> _WHAT THE EXERCISE ASKS_
Reproduce the listing below exactly, except for its pictures.

> _GIVEN MATERIAL_
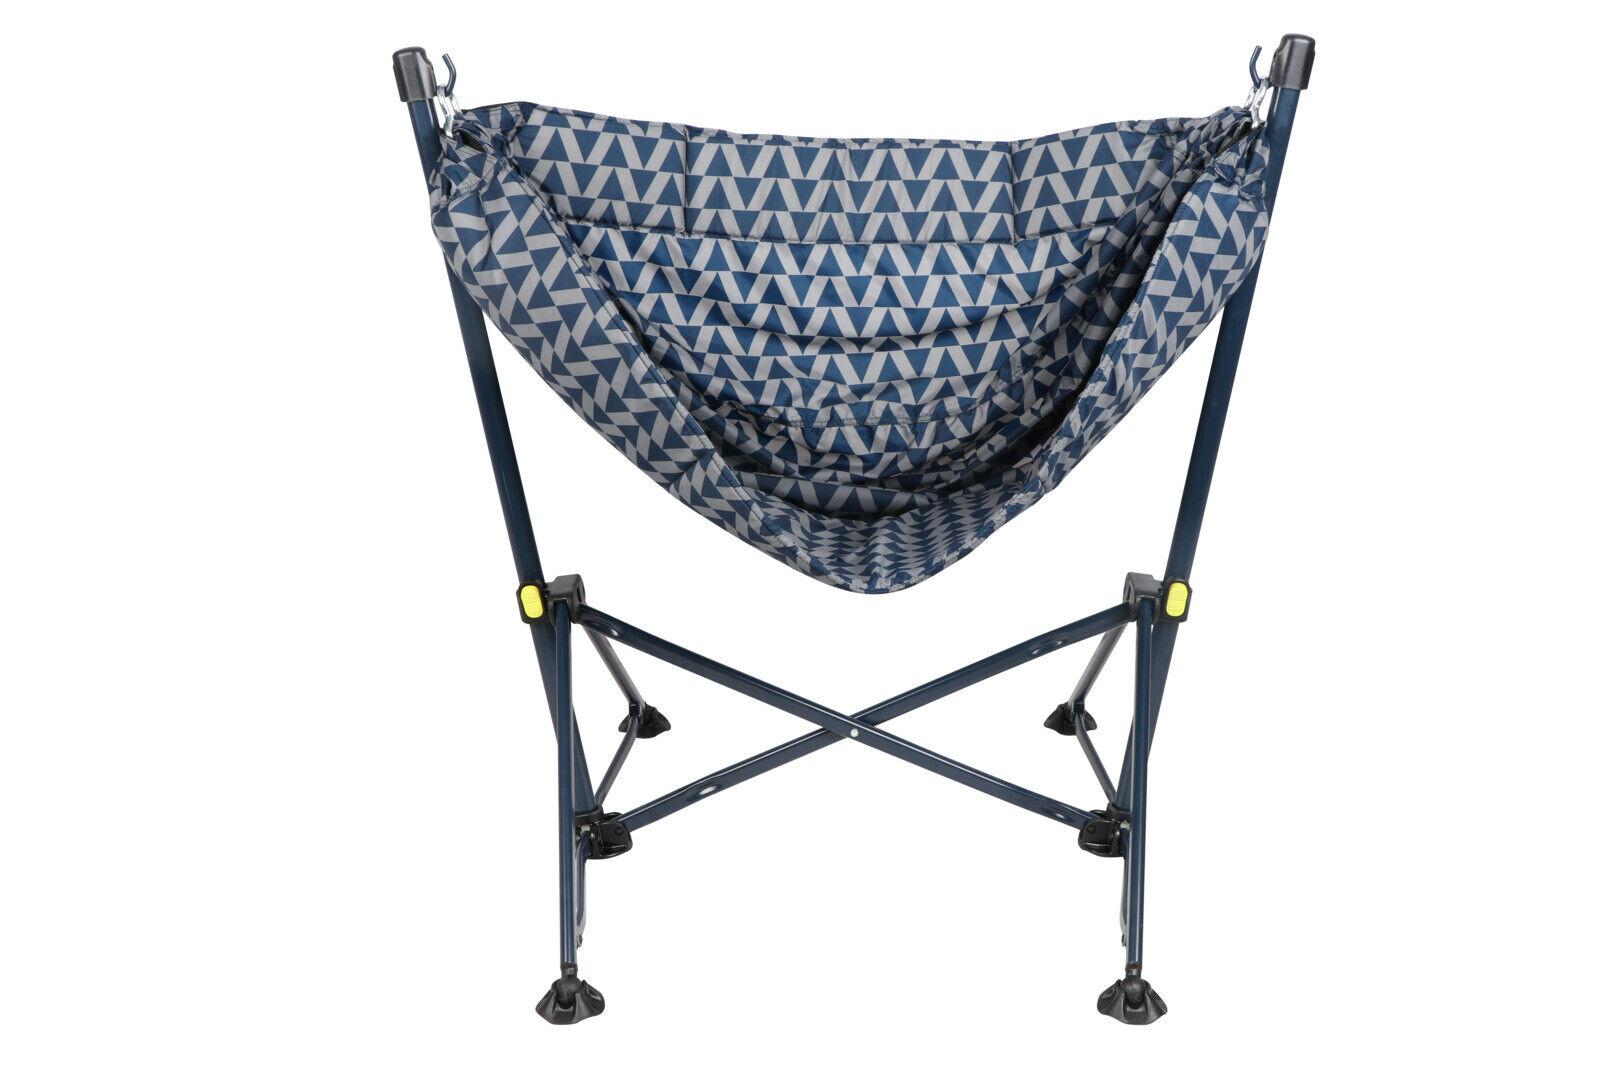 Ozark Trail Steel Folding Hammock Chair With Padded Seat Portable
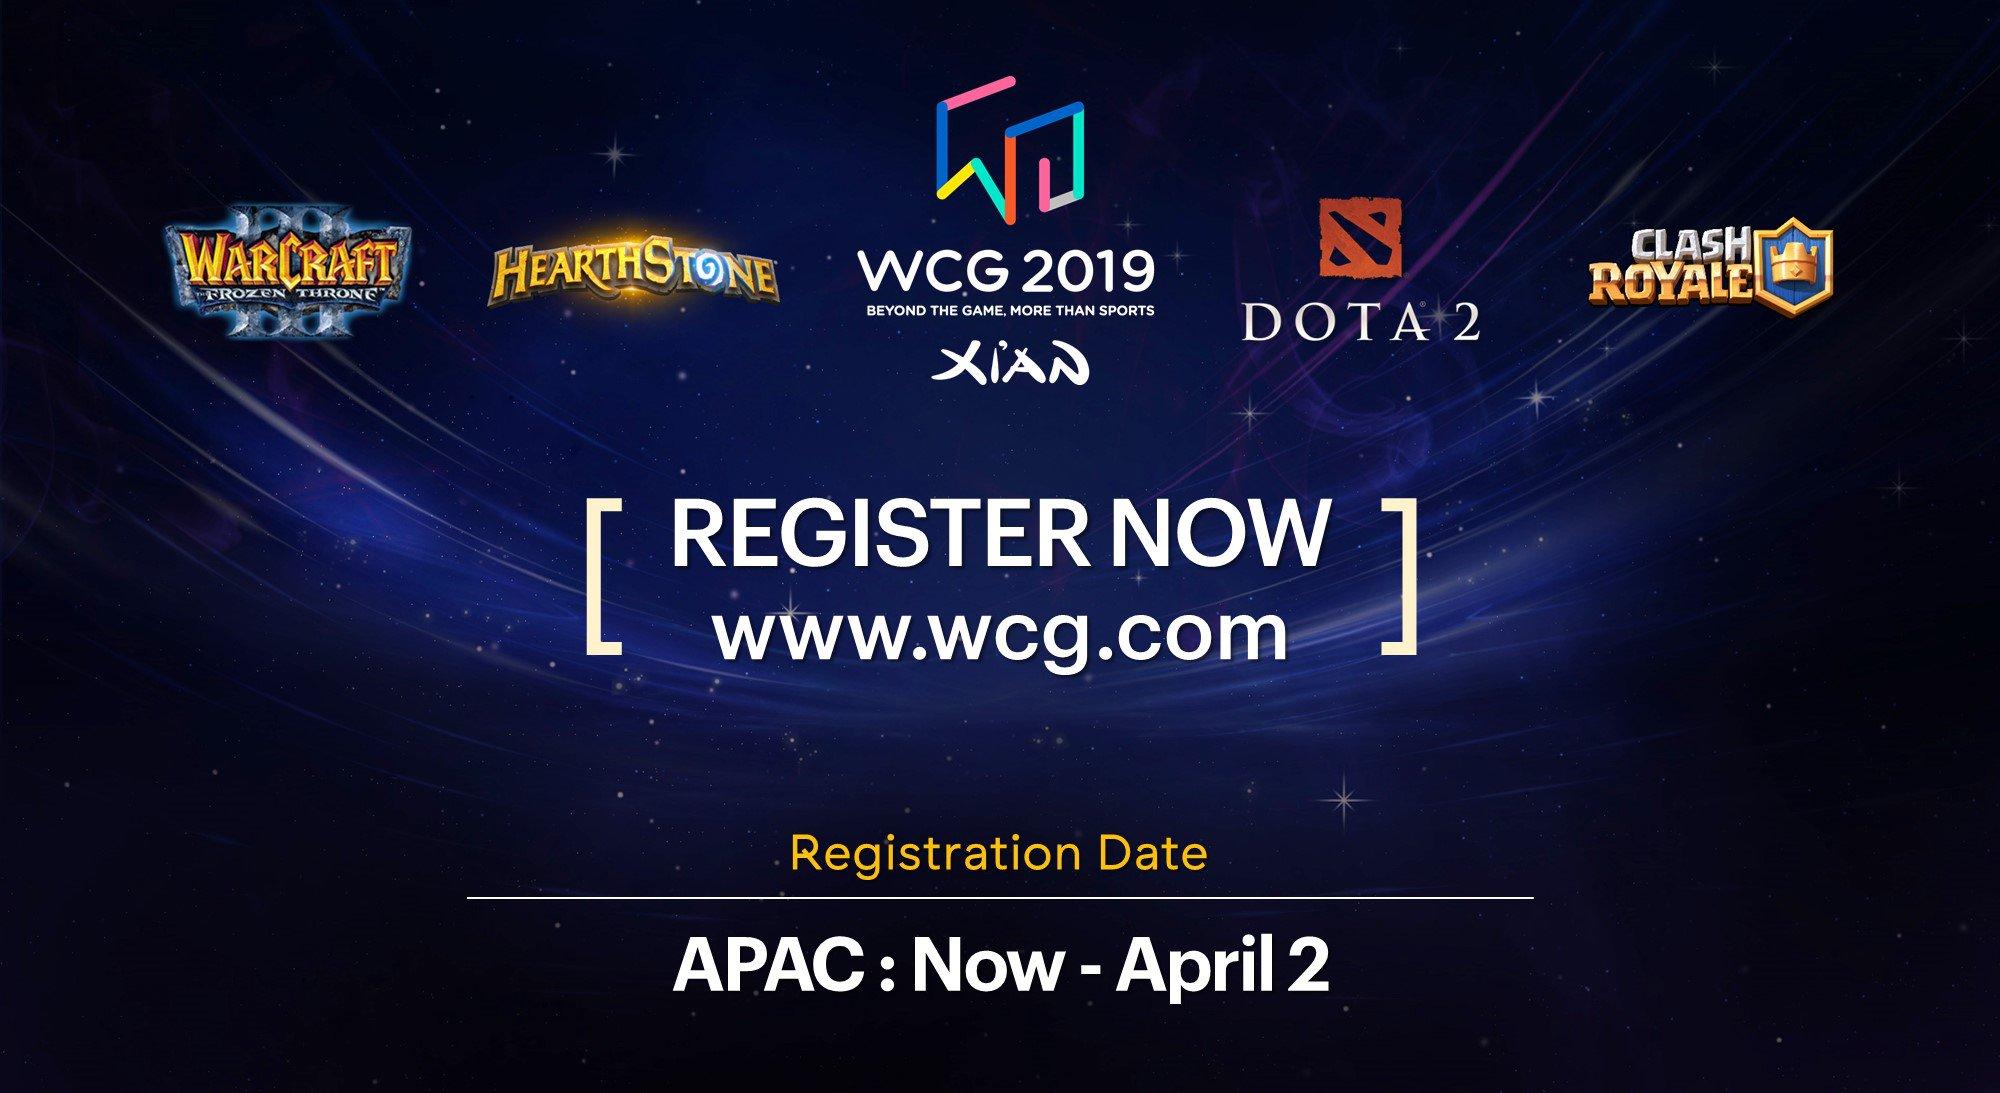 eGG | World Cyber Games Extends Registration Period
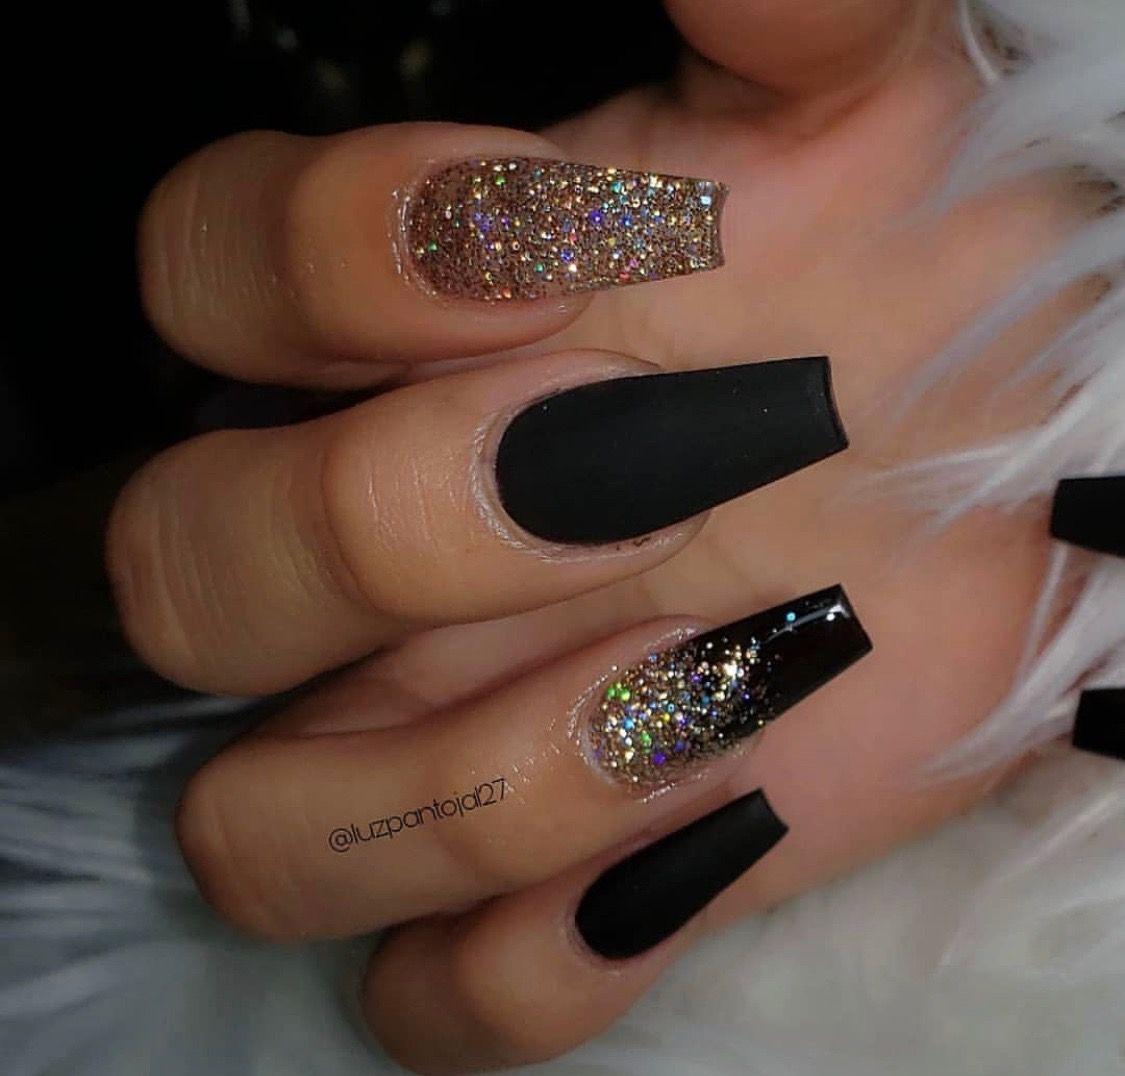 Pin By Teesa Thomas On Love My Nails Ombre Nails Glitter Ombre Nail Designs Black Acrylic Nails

> _SOLUTION_
 Ozark Trail Steel Folding Hammock Chair With Padded Seat Portable
 eGG | World Cyber Games Extends Registration Period
 Pin By Teesa Thomas On Love My Nails Ombre Nails Glitter Ombre Nail Designs Black Acrylic Nails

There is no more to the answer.